Getty Copper (CVE:GTC) has good debt

Howard Marks said it well when he said that, rather than worrying about stock price volatility, “the possibility of permanent loss is the risk I worry about…and that every practical investor that I know is worried”. So it may be obvious that you need to take debt into account when thinking about the risk of a given stock, because too much debt can sink a business. Above all, Getty Copper Inc. (CVE:GTC) is in debt. But the real question is whether this debt makes the business risky.

What risk does debt carry?

Debt helps a business until the business struggles to pay it back, either with new capital or with free cash flow. An integral part of capitalism is the process of “creative destruction” where bankrupt companies are mercilessly liquidated by their bankers. However, a more usual (but still expensive) situation is when a company has to dilute shareholders at a cheap share price just to keep debt under control. Of course, the advantage of debt is that it often represents cheap capital, especially when it replaces dilution in a business with the ability to reinvest at high rates of return. When we look at debt levels, we first consider cash and debt levels, together.

Our analysis indicates that GTC is potentially overvalued!

How much debt does Getty Copper have?

The image below, which you can click on for more details, shows that in June 2022, Getty Copper had C$2.32 million in debt, up from C$1.98 million in one year. Net debt is about the same, since she doesn’t have a lot of cash.

TSXV:GTC Debt to Equity Historical October 14, 2022

A Look at Getty Copper’s Responsibilities

Zooming in on the latest balance sheet data, we can see that Getty Copper had liabilities of C$1.58 million due within 12 months and liabilities of C$1.25 million due beyond. In return, he had CA$38.6k in cash and CA$3.3k in receivables due within 12 months. Thus, its liabilities total C$2.78 million more than the combination of its cash and short-term receivables.

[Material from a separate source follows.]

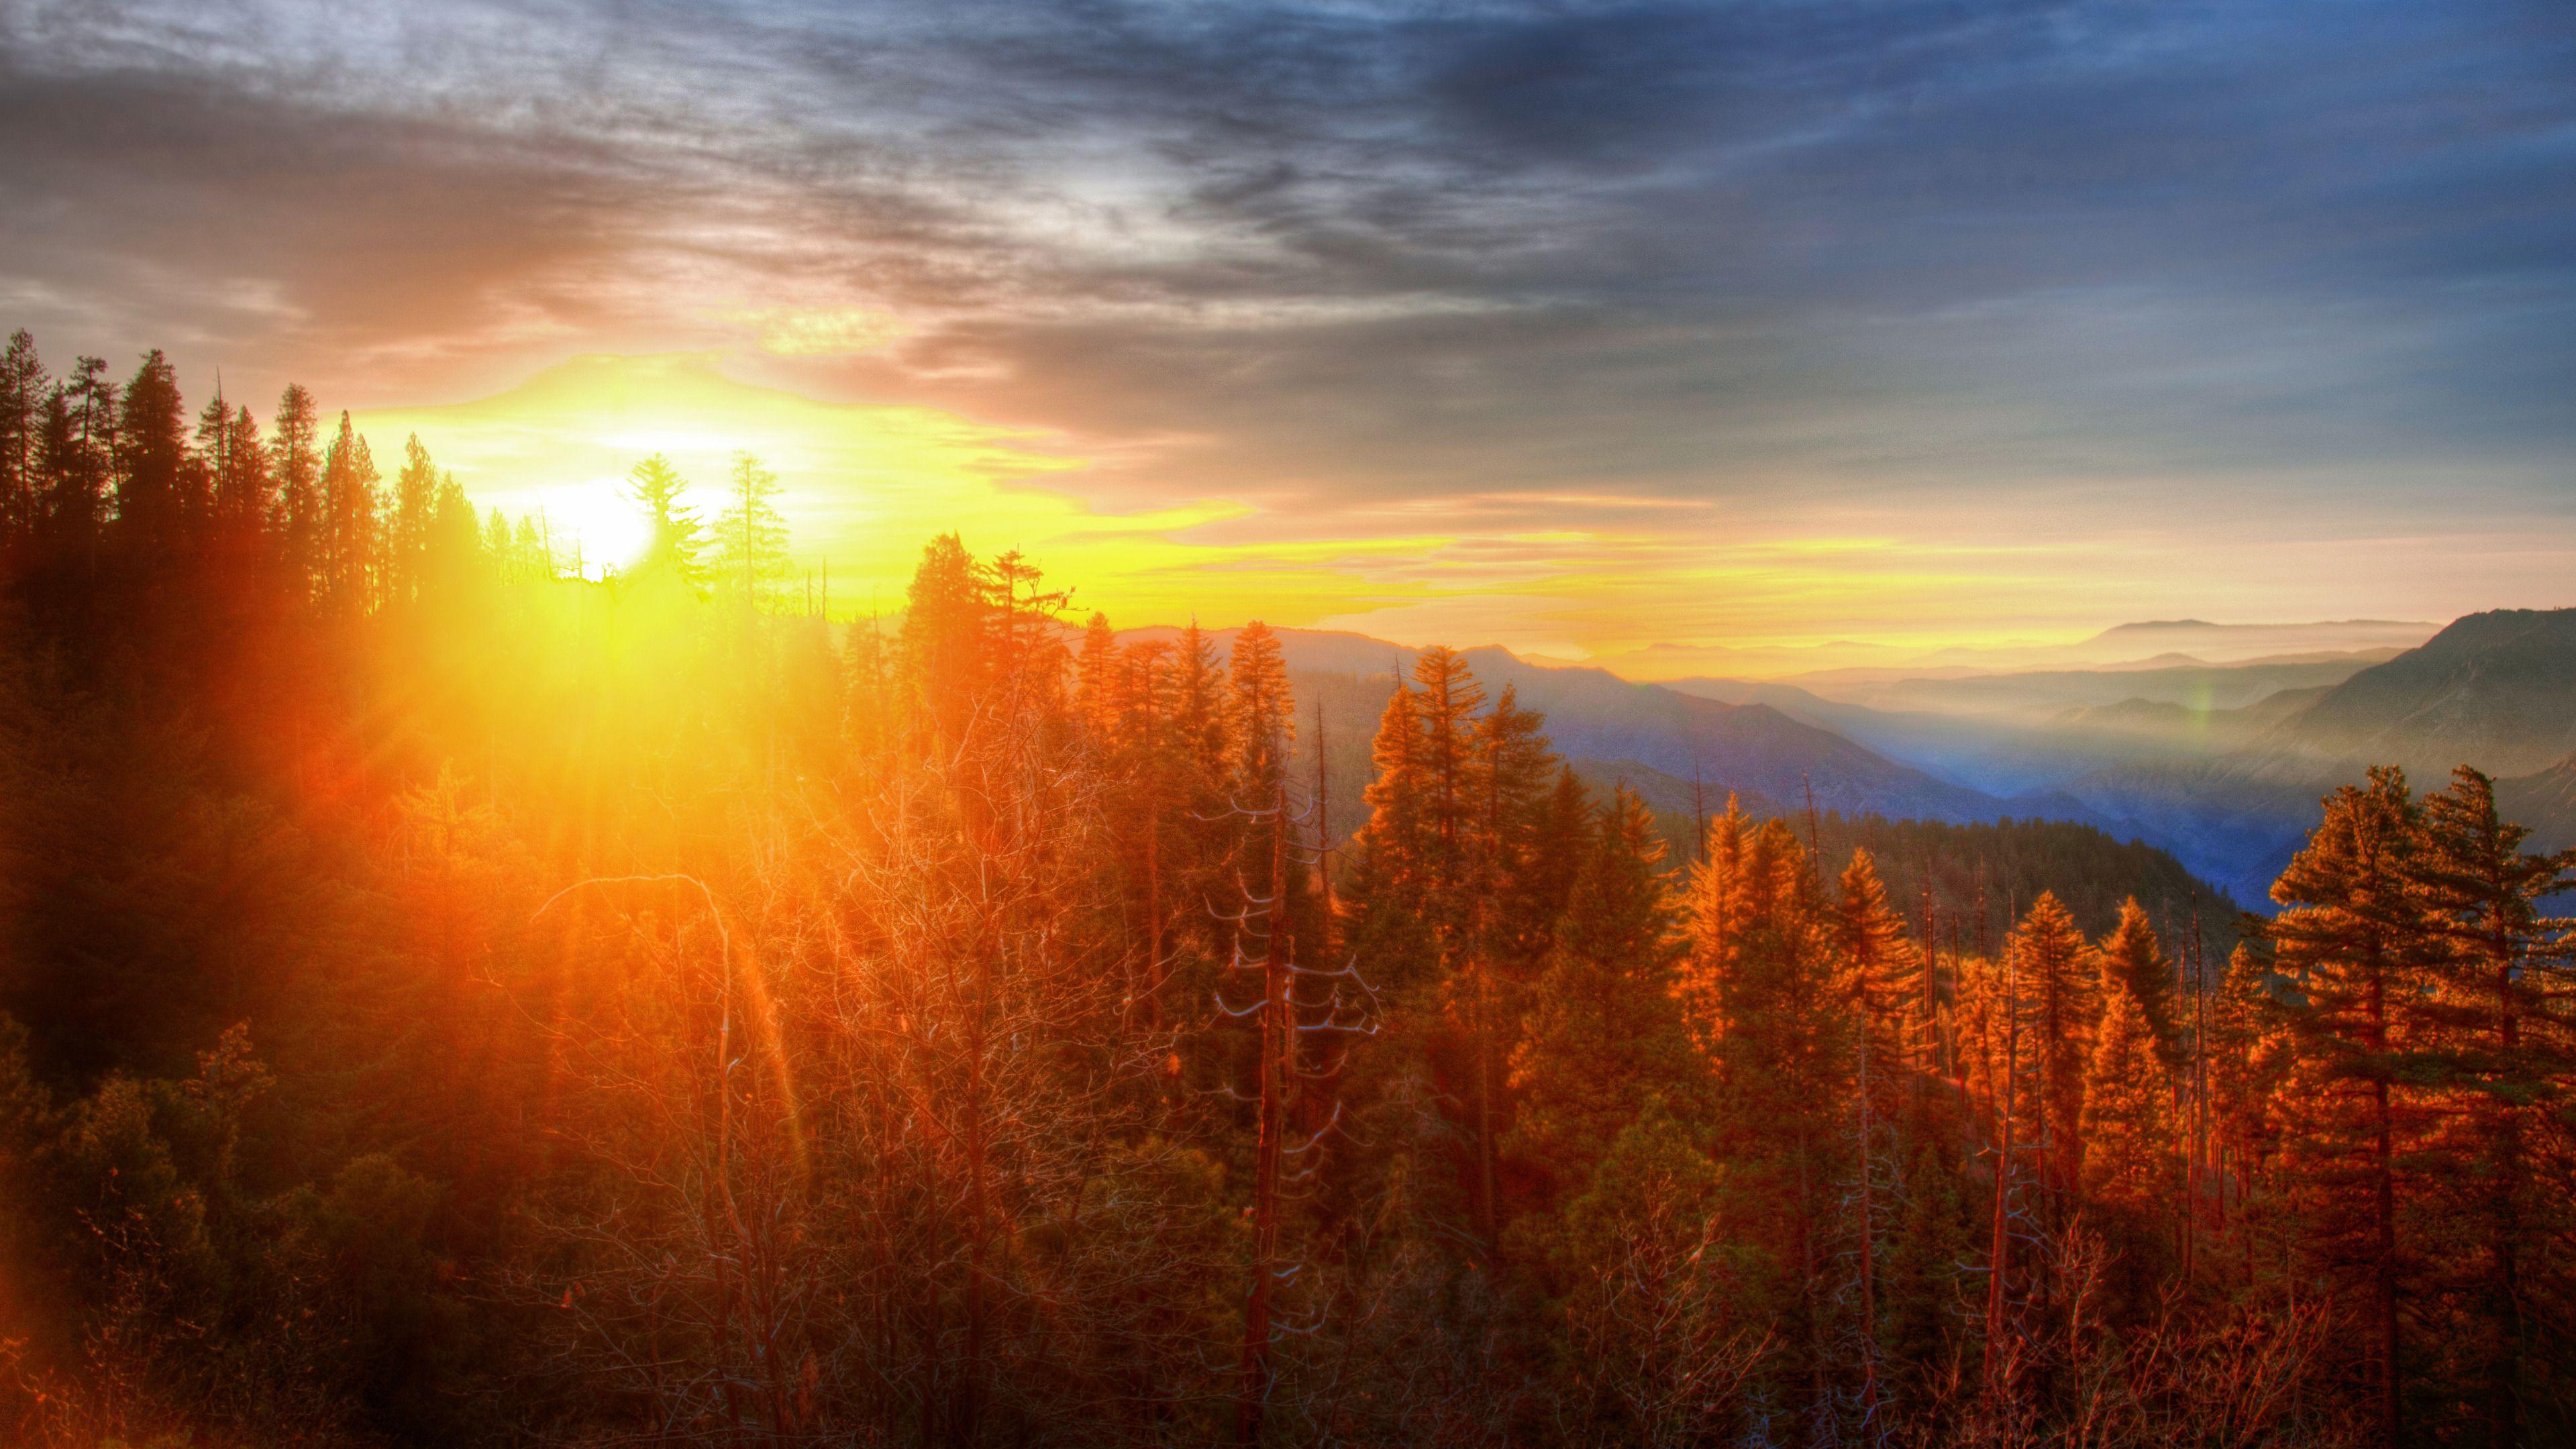 Forest Sunset Wallpapers - Top Free Forest Sunset Backgrounds

That shortfall is sizable relative to its C$4.27 million market capitalization, so he suggests shareholders watch Getty Copper’s use of debt. This suggests shareholders would be heavily diluted if the company needed to shore up its balance sheet quickly. When analyzing debt levels, the balance sheet is the obvious starting point. But it’s Getty Copper’s earnings that will influence the balance sheet going forward. So, when considering debt, it is definitely worth looking at the earnings trend. Click here for an interactive preview.

Given that Getty Copper has no significant operating revenue, shareholders are likely hoping it will develop a new mine of value before too long.

Caveat Emptor

It is important to note that Getty Copper posted a loss in earnings before interest and taxes (EBIT) over the past year. Indeed, it lost CA$151,000 in EBIT. When we look at this and recall the liabilities on its balance sheet, versus cash, it seems unwise to us that the company has debt. Quite frankly, we think the track record falls short, although it could improve over time. However, it doesn’t help that he spent CA$691,000 in cash in the past year. In short, it’s a really risky title. The balance sheet is clearly the area to focus on when analyzing debt. However, not all investment risks reside on the balance sheet, far from it. Example: we have identified 4 warning signs for Getty Copper you should be aware, and 3 of them are a bit of a concern.

If you are interested in investing in companies that can generate profits without the burden of debt, then check out this free list of growing companies that have net cash on the balance sheet.

This Simply Wall St article is general in nature. We provide commentary based on historical data and analyst forecasts only using unbiased methodology and our articles are not intended to be financial advice. It is not a recommendation to buy or sell stocks and does not take into account your objectives or financial situation. Our goal is to bring you targeted long-term analysis based on fundamental data. Note that our analysis may not take into account the latest announcements from price-sensitive companies or qualitative materials. Simply Wall St has no position in the stocks mentioned.